**Records for this exercise:**
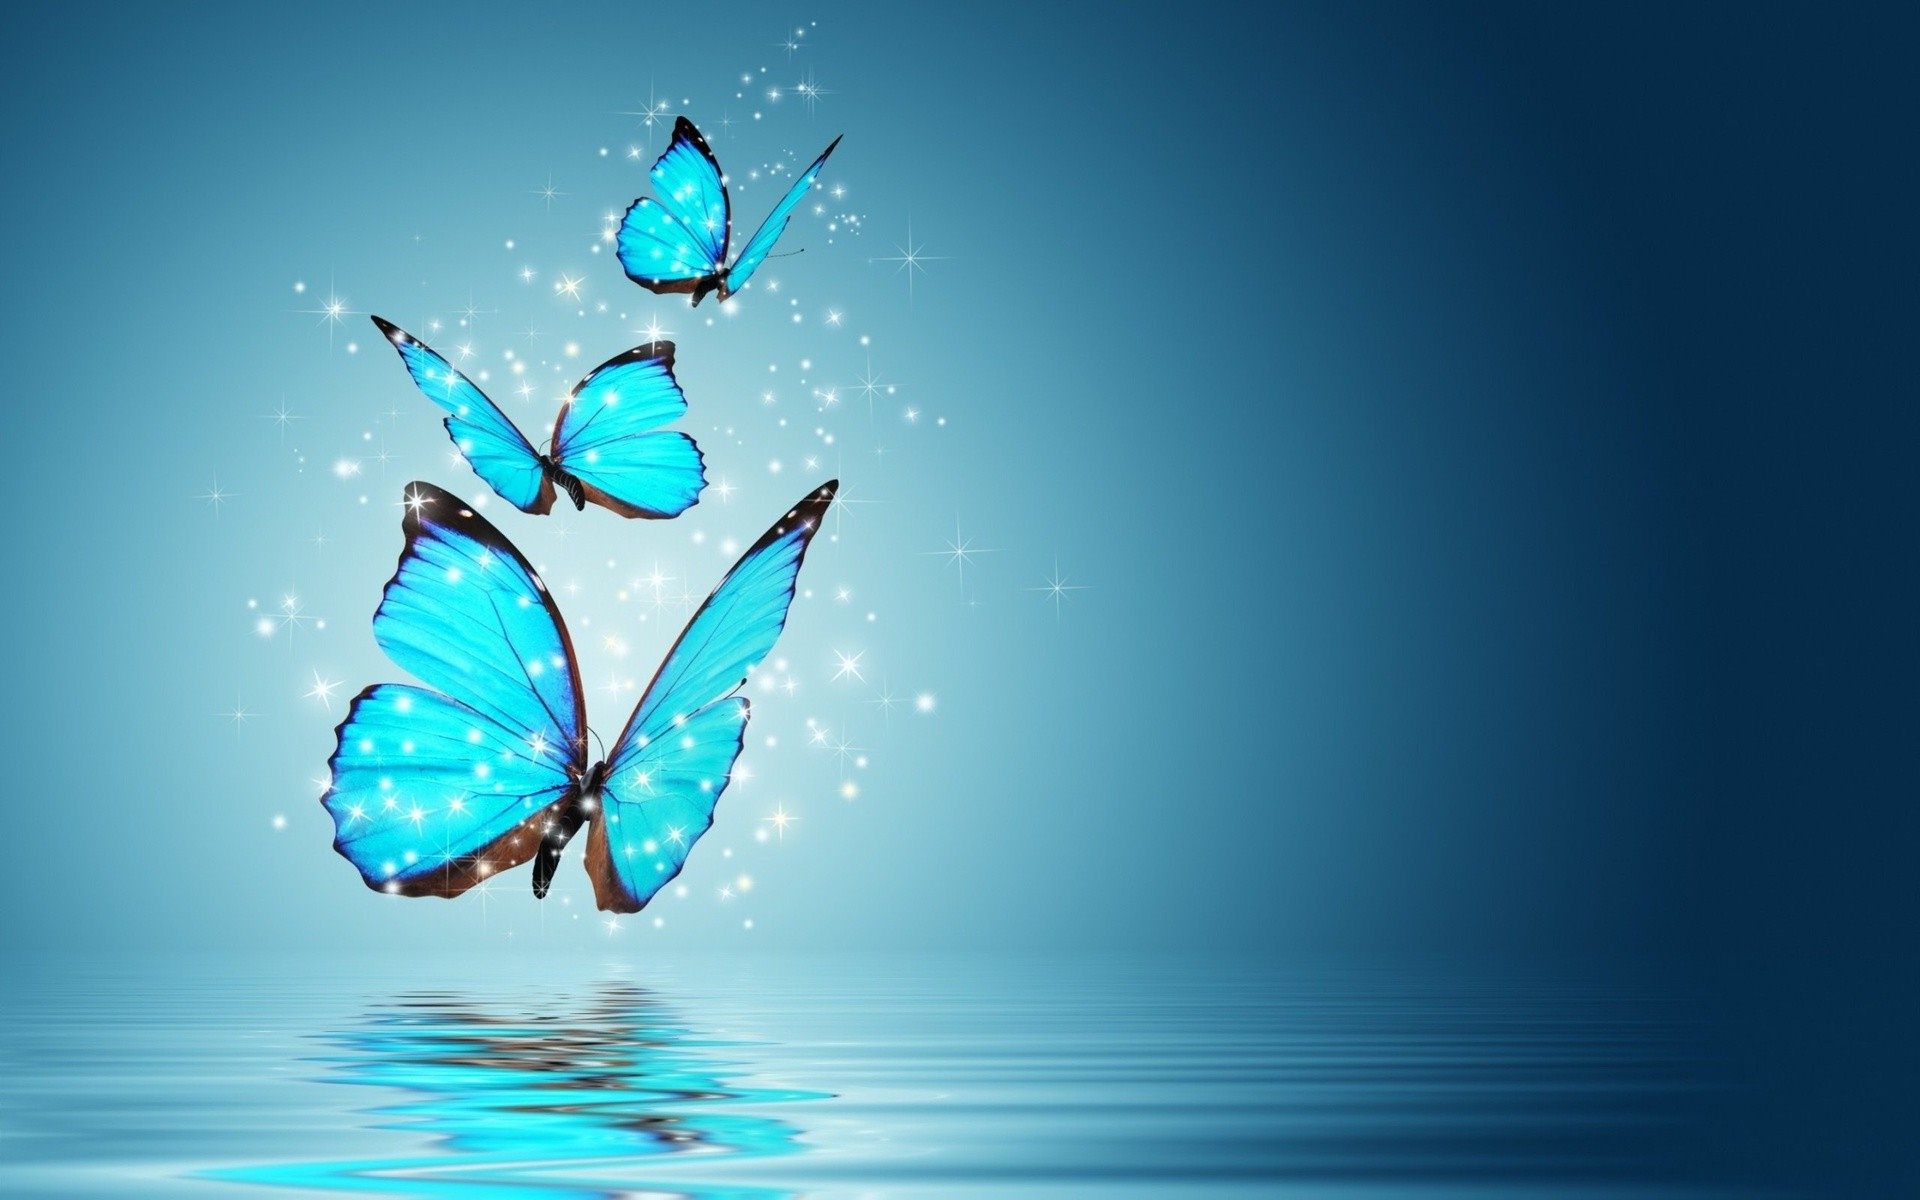 Hình nền desktop bướm đẹp sẽ mang đến cho bạn sự tươi mới và sự lãng mạn. Hình ảnh bướm bay lượn và màu sắc tươi sáng sẽ giúp bạn tập trung tốt hơn trong công việc của mình. Bạn cũng có thể sử dụng nó để thăng hoa thêm tình yêu cho cuộc sống.
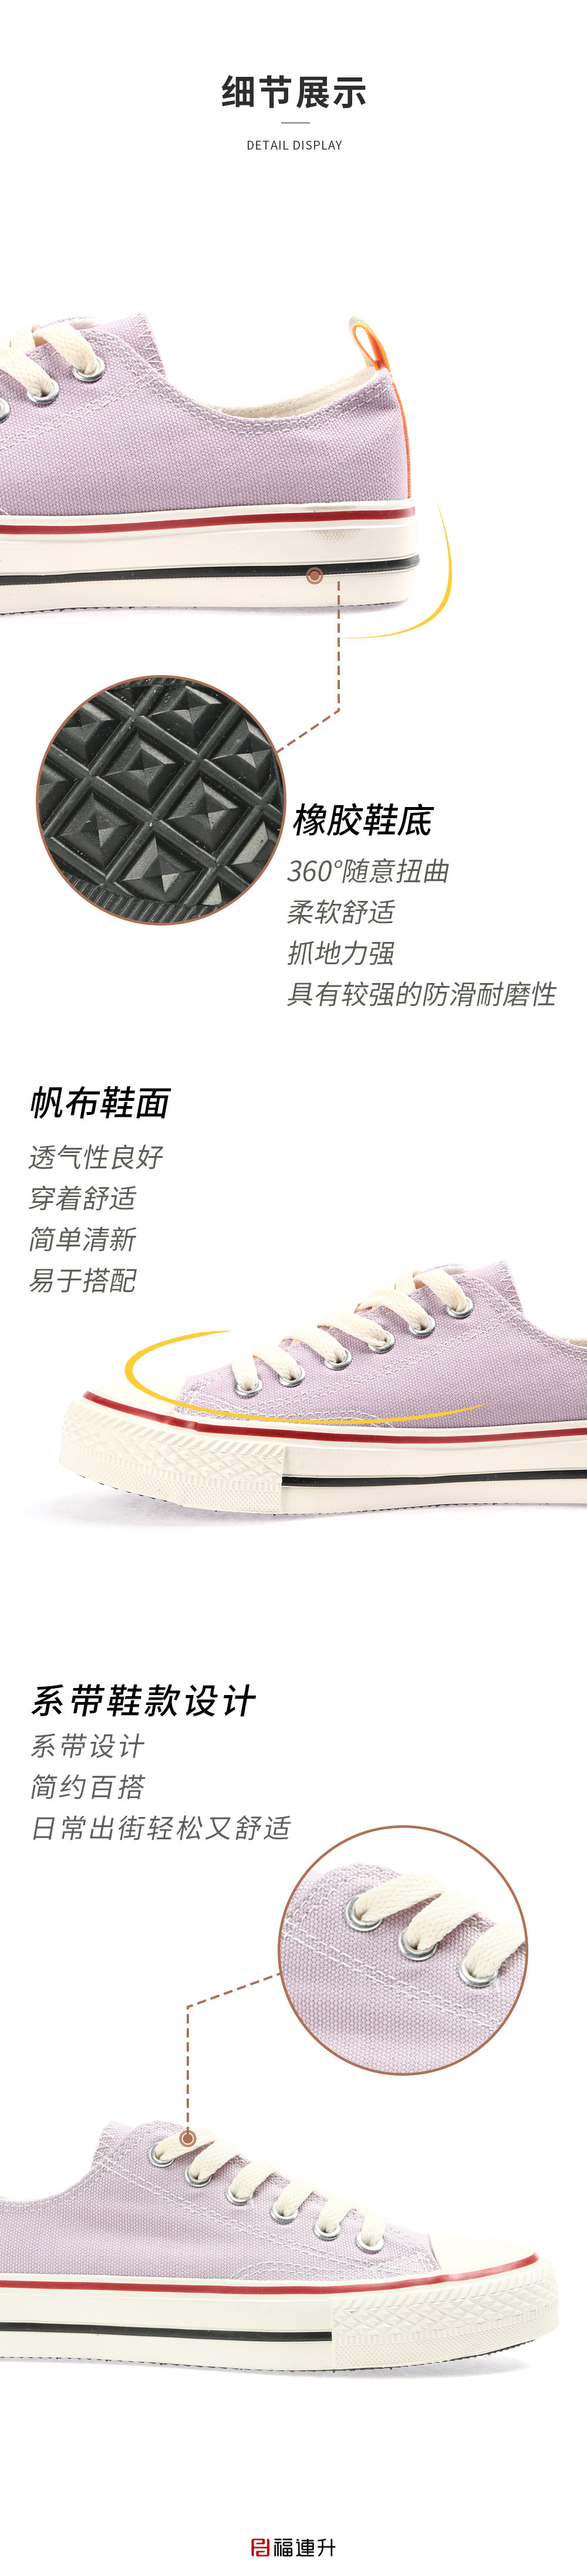 福连升帆布鞋小白鞋女夏季新款休闲鞋 舒适透气板鞋(图3)
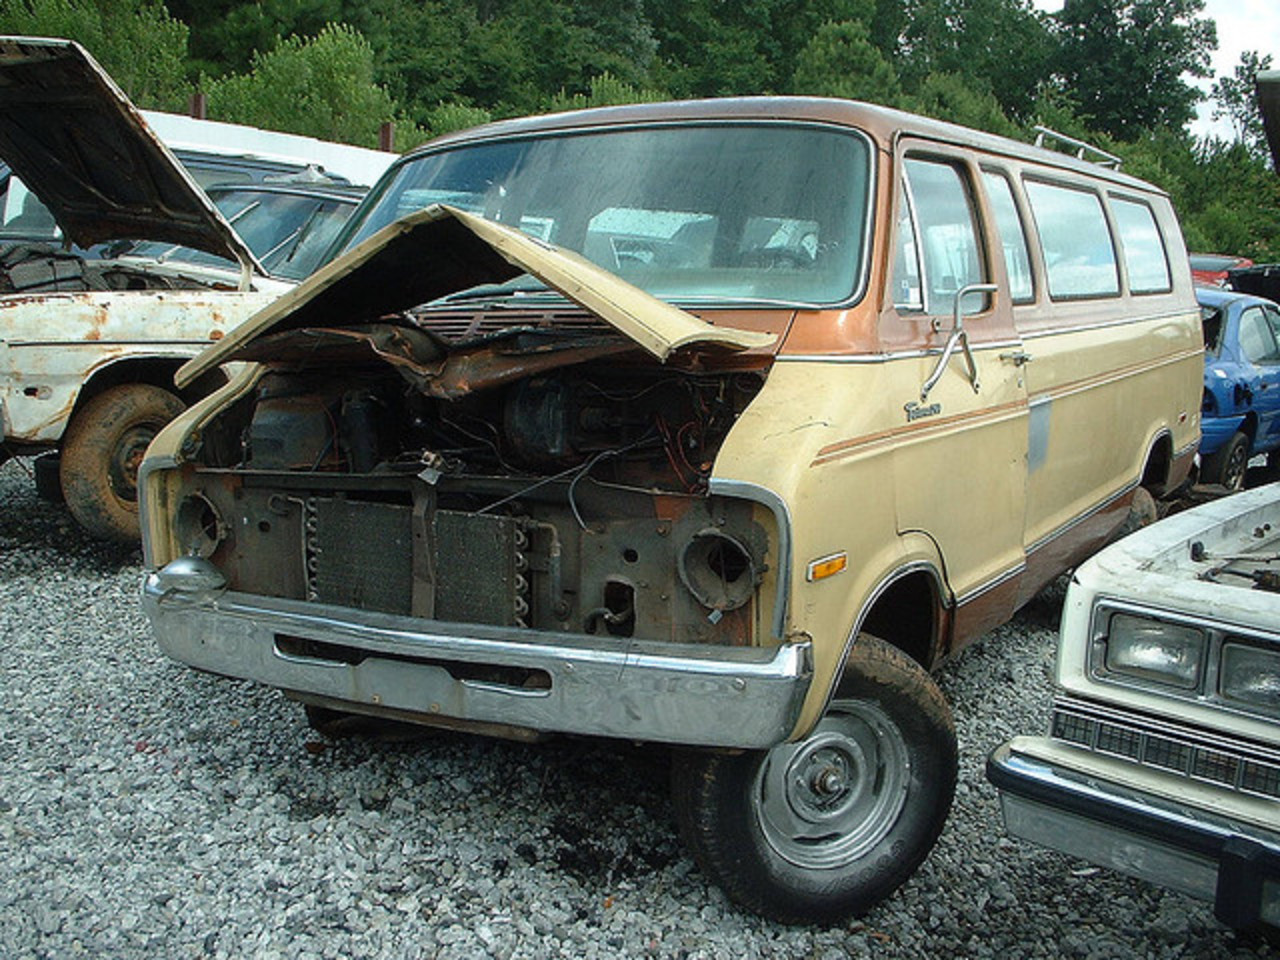 1976 Dodge Tradesman 200 | Flickr - Photo Sharing!
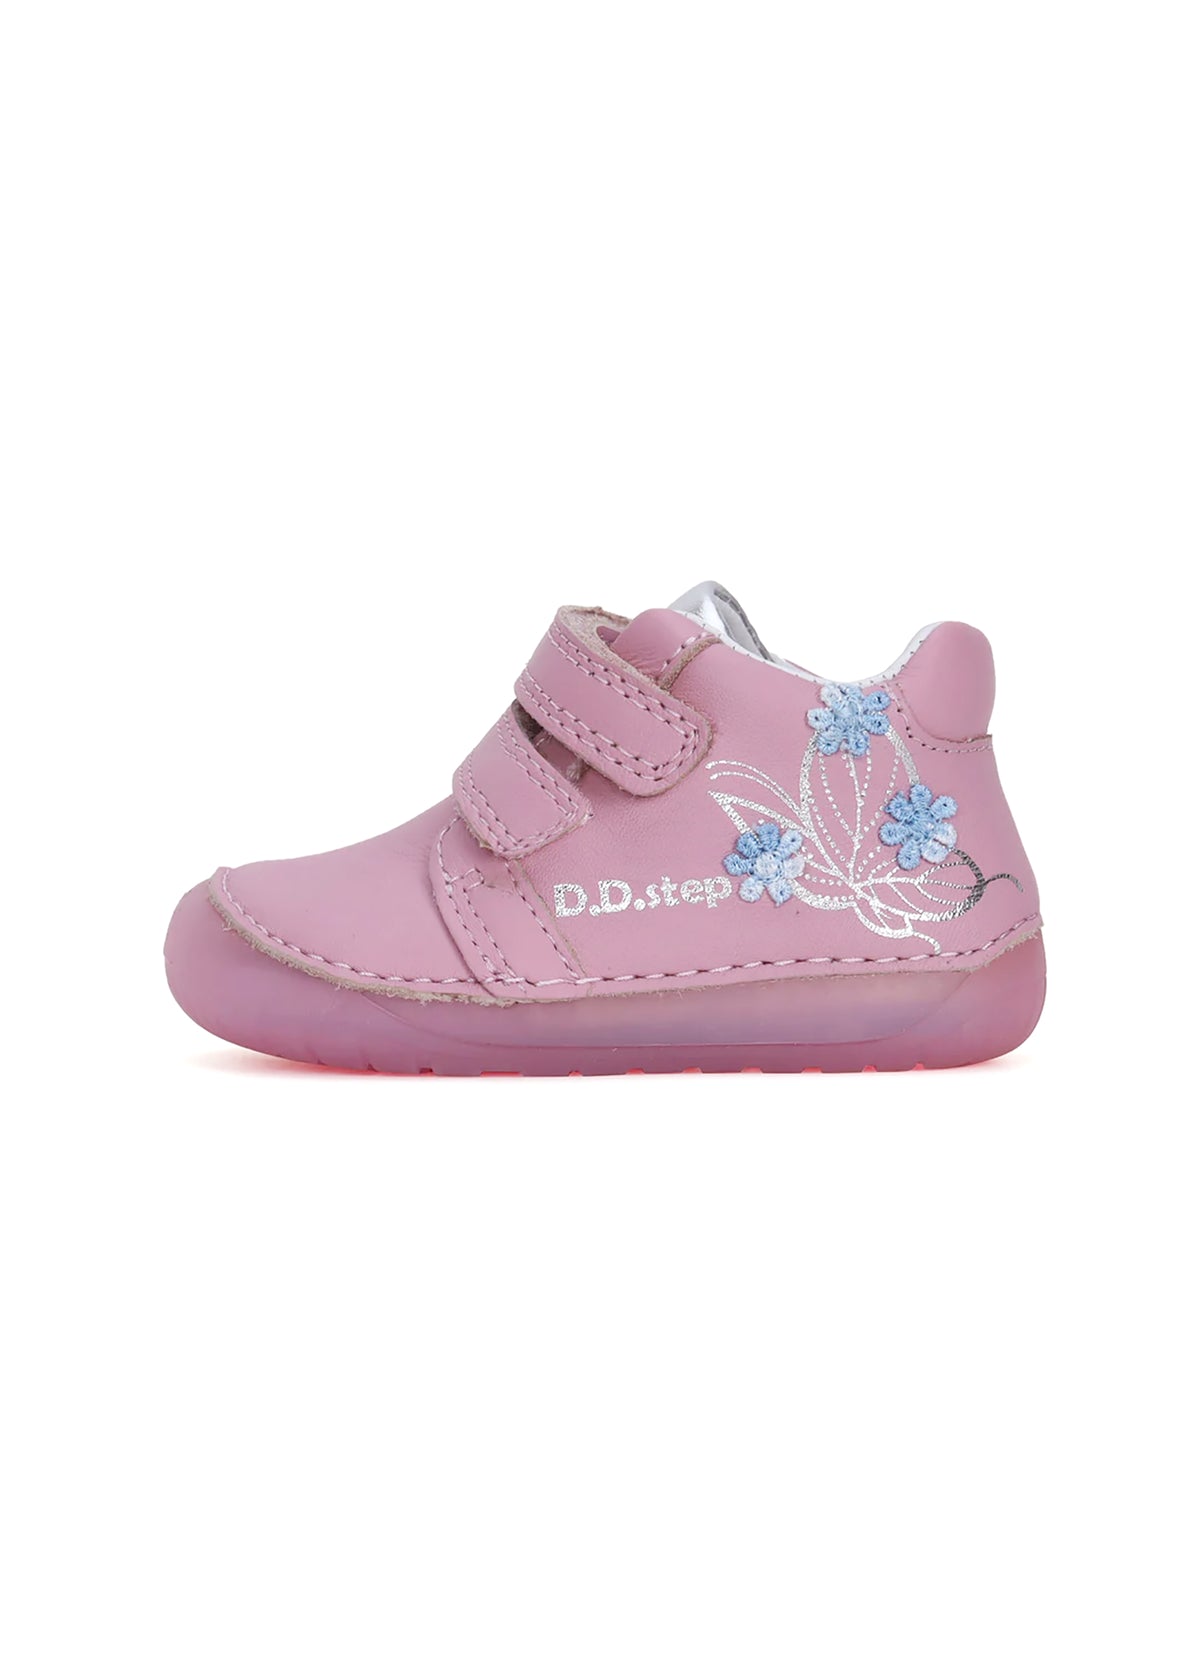 Barns första steg skor - rosa läder, blommor
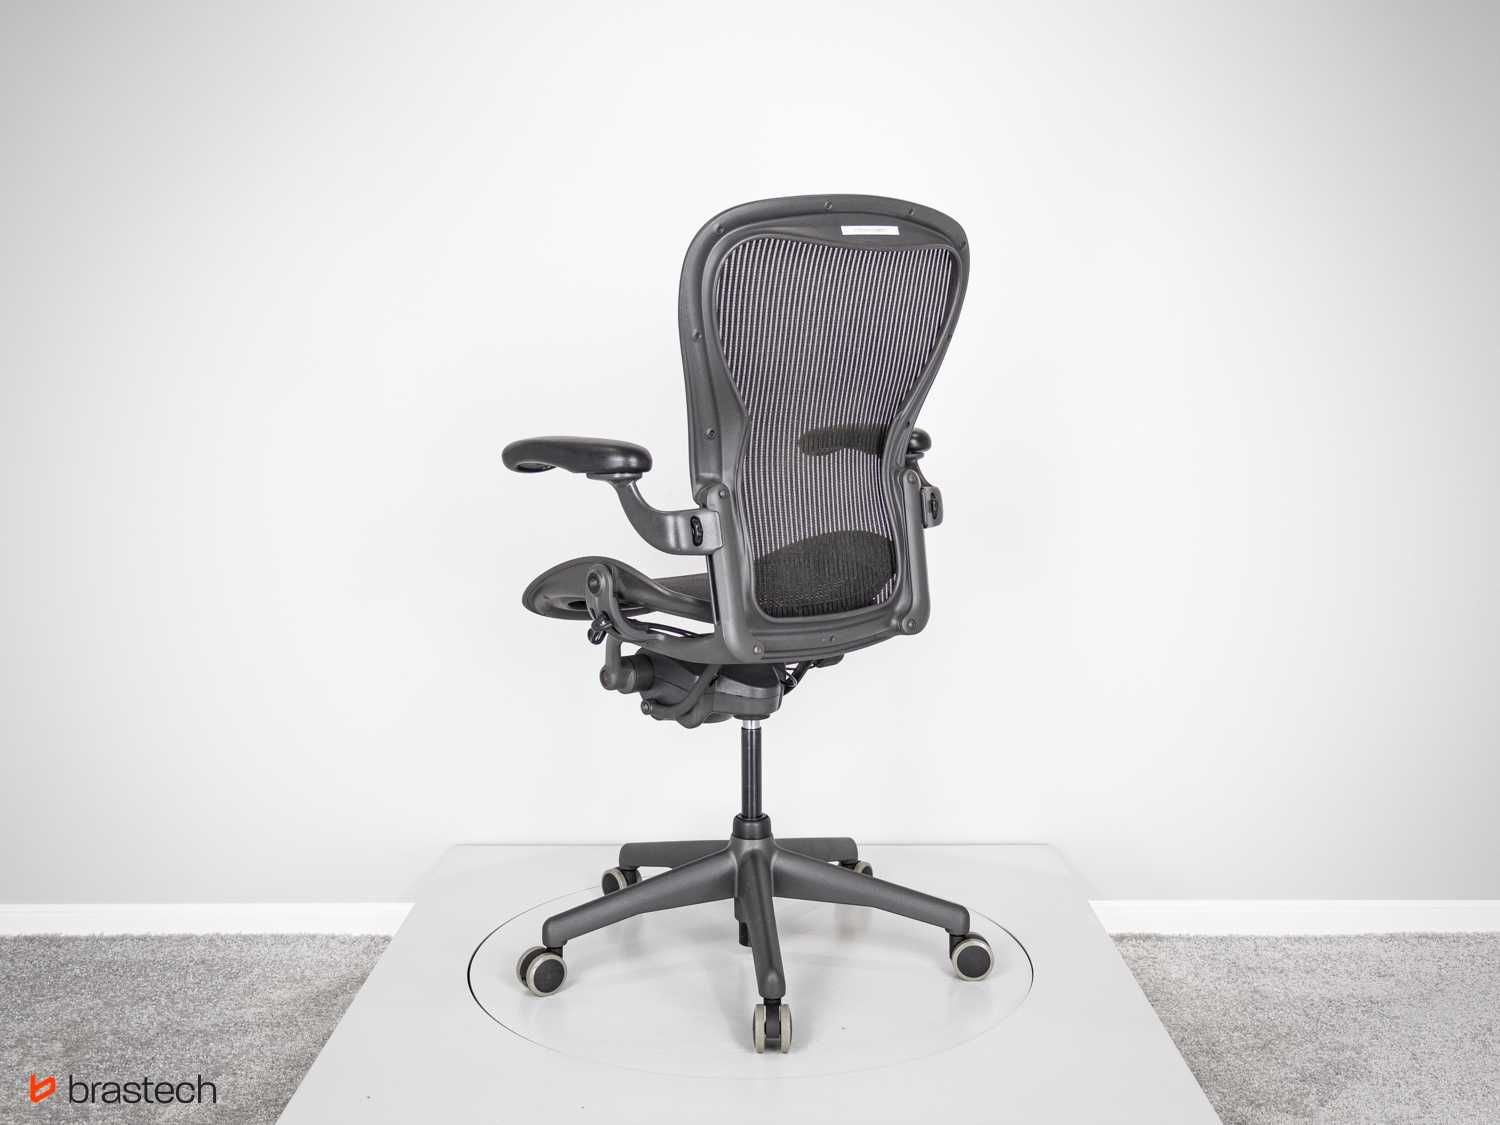 Krzesło biurowe Herman Miller Aeron Classic rozmiar C odnowiony

**Directions for this task:**
Quote every entry exactly, with the pictures omitted.

**Exercise answer:**
 Hình nền desktop bướm đẹp sẽ mang đến cho bạn sự tươi mới và sự lãng mạn. Hình ảnh bướm bay lượn và màu sắc tươi sáng sẽ giúp bạn tập trung tốt hơn trong công việc của mình. Bạn cũng có thể sử dụng nó để thăng hoa thêm tình yêu cho cuộc sống.
 福连升帆布鞋小白鞋女夏季新款休闲鞋 舒适透气板鞋(图3)
 1976 Dodge Tradesman 200 | Flickr - Photo Sharing!
 Barns första steg skor - rosa läder, blommor
 Krzesło biurowe Herman Miller Aeron Classic rozmiar C odnowiony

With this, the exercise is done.